As I was walking along Fitzroy St, St Kilda, on Thursday morning, I observed a police vehicle turn on its flashing lights and siren as it drove onto the pavement just a few metres ahead of me. As I got closer, I saw it had stopped beside a young woman on the pavement. She was in a distressed state. I heard the police officer start to question her asking, “How old are you?” She held her head in her hands and said something about her birthday and the police officer, standing over her, asked her the same question again and again. I didn’t see or hear anything else, but my guess is she may have been (say) 15 years old.

When I walked back past the same spot about an hour or so later, the police vehicle was in the same spot on the pavement and there was an ambulance parked nearby on the street. The police officers seemed to be finishing a handover before the ambulance drove off, presumably with the young woman inside.

Those two scenes have played over in my head so many times since Thursday morning. I thought of my kids and their friends at a similar age and the multitude of memories I hold dear. It would have been soul destroying to see any one of them in such distress and it was devastating to see this young woman.

I thought of the police officers who had come to her aid, one male and one female. I would not fault them; they seemed caring and professional although maybe a little loud. Then my thoughts jumped to the federal budget proposals announced recently with 200 minutes to be allocated per person in aged care. And then it hit me – professional care is one thing, but kindness is something else. If you have ever experienced trauma or found yourself in a vulnerable position, you will know the power of kind words and actions and their ability to reach through and awaken some kind of hope.

As I reflected on that scene on the pavement playing over in my head again and again, the word ‘transactional’ came to mind – another statistic to be cared for and processed, but nonetheless a statistic. I wondered how many similar instances that small police team had been called to that day and that week. Sadly, I know this case is not an isolated incidence.
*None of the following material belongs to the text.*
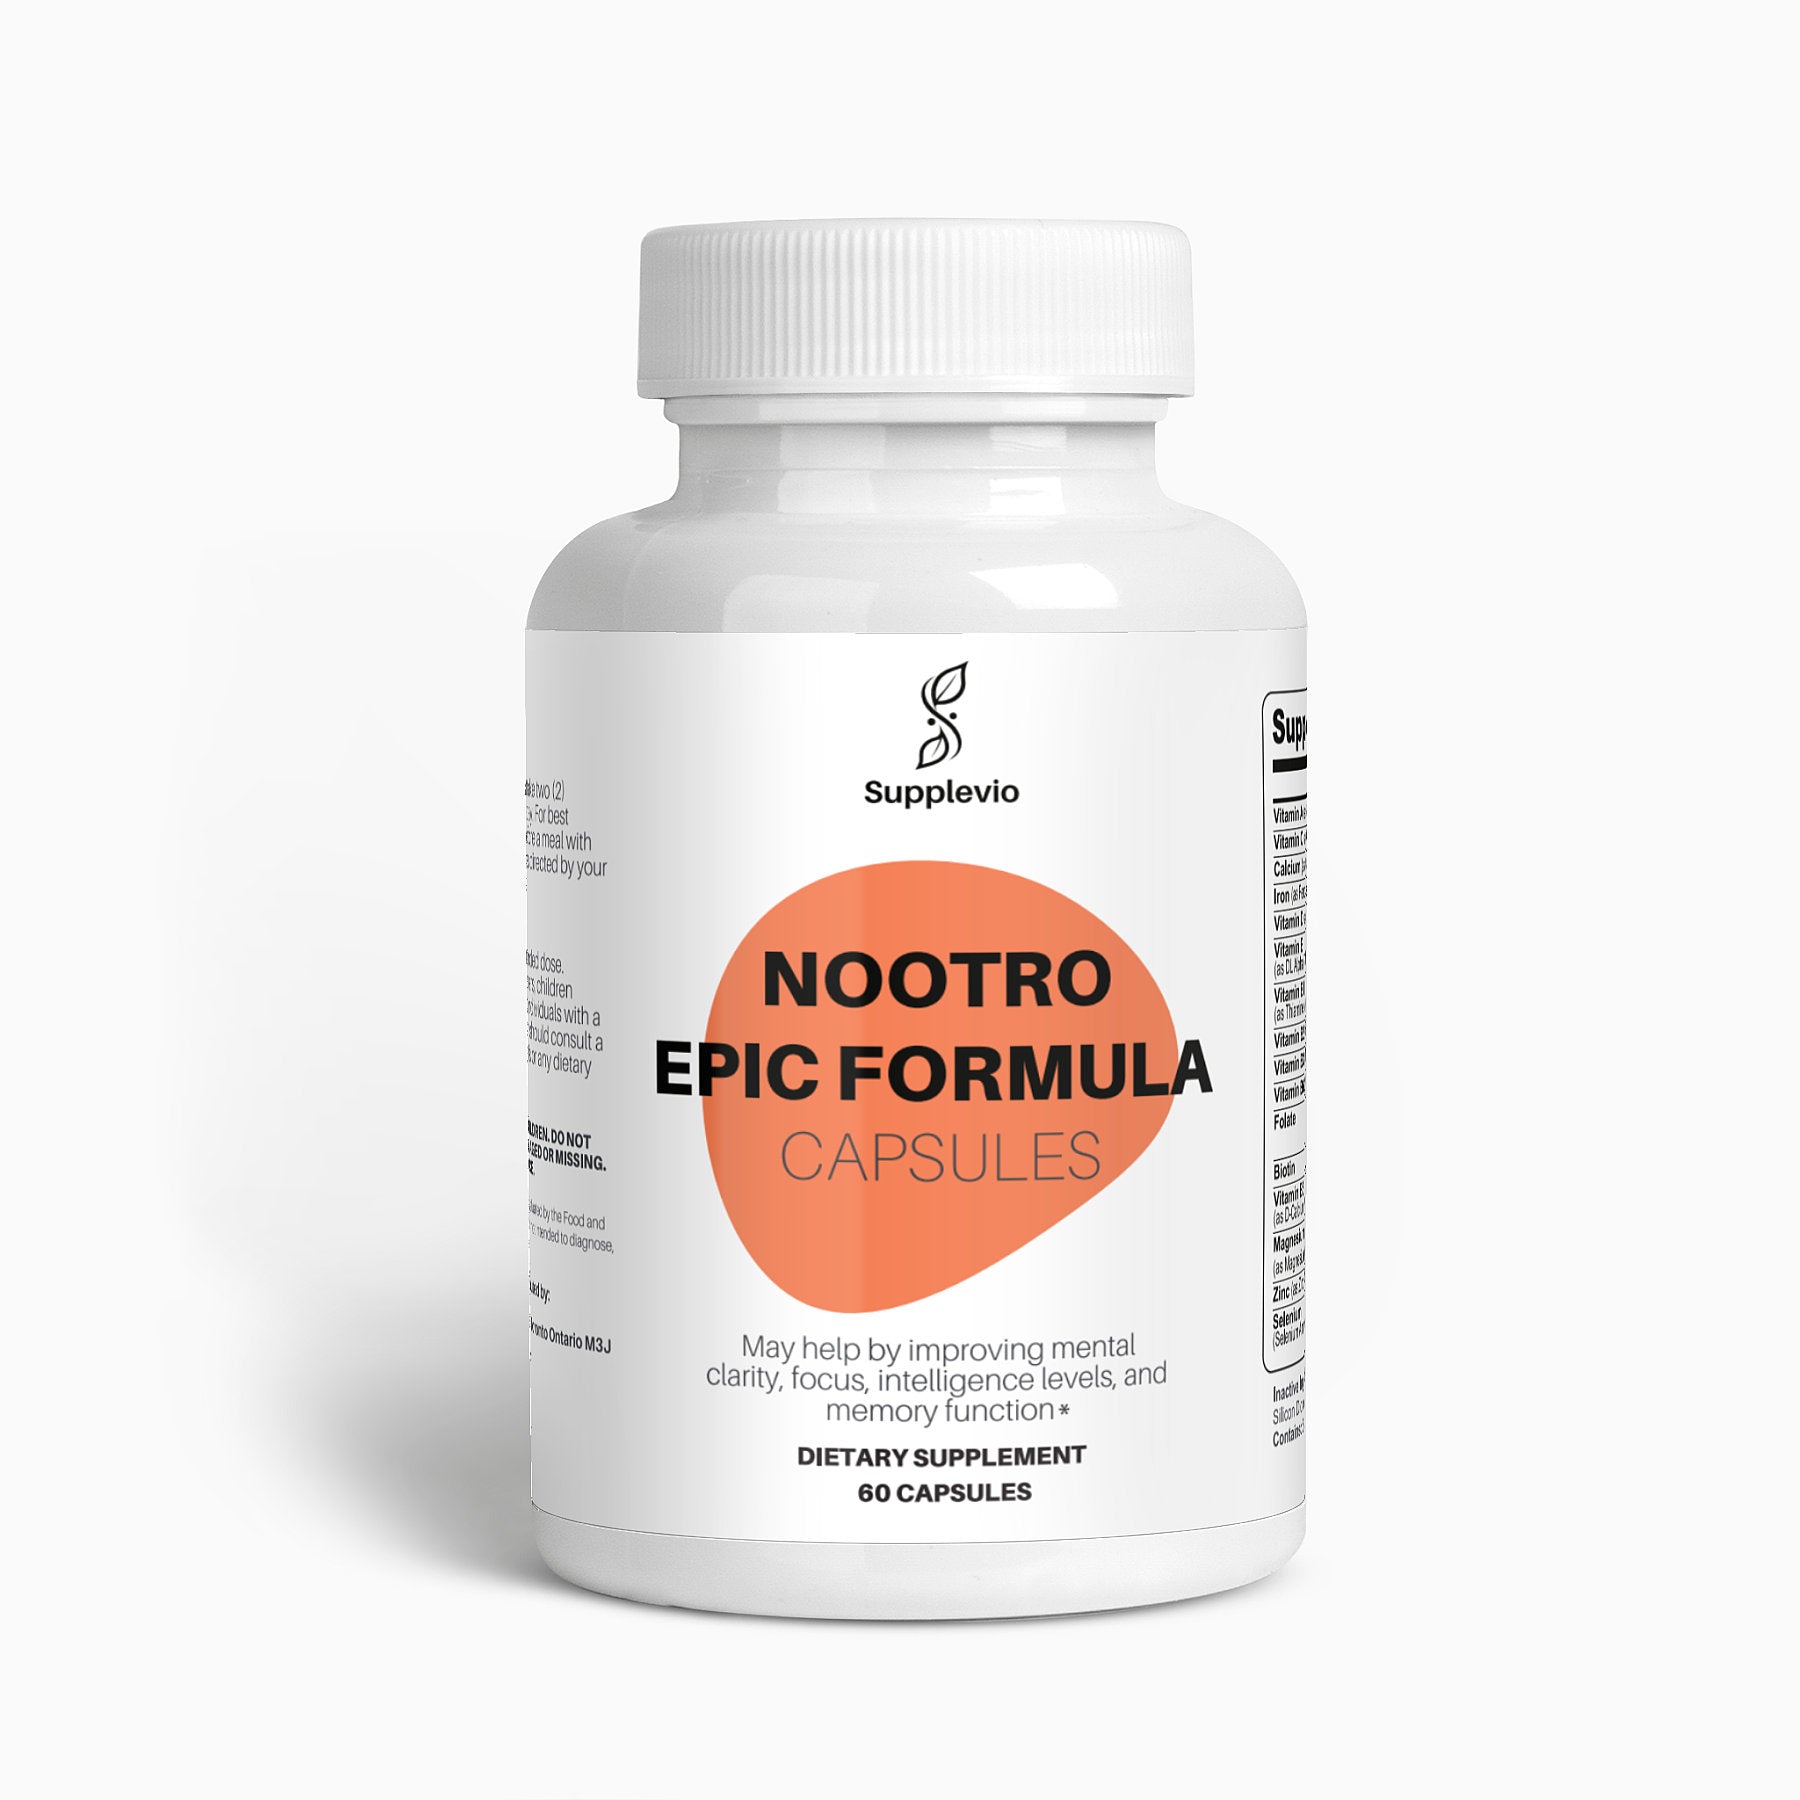 Nootro Epic Formula

I take comfort and pride in our St Kilda Gatehouse team, and the way kindness is implicitly woven into our culture of care and support. We have been told that our team at the ‘Young Women’s Project’ have been able to connect with young women at risk of sexual exploitation and experiencing complex trauma, who did not engage with other agencies. Young women already ‘in the system’ are often referred to us by other agencies. Unhurried care and support is given to them by our YWP team, who sees them first and above all as a person, and never as a transaction.

We understand given the limited financing available, that there needs to be some aspect of transactional processing to manage cost. Yet for young women for whom complex trauma is their life experience, maybe unhurried kindness is the first step needed.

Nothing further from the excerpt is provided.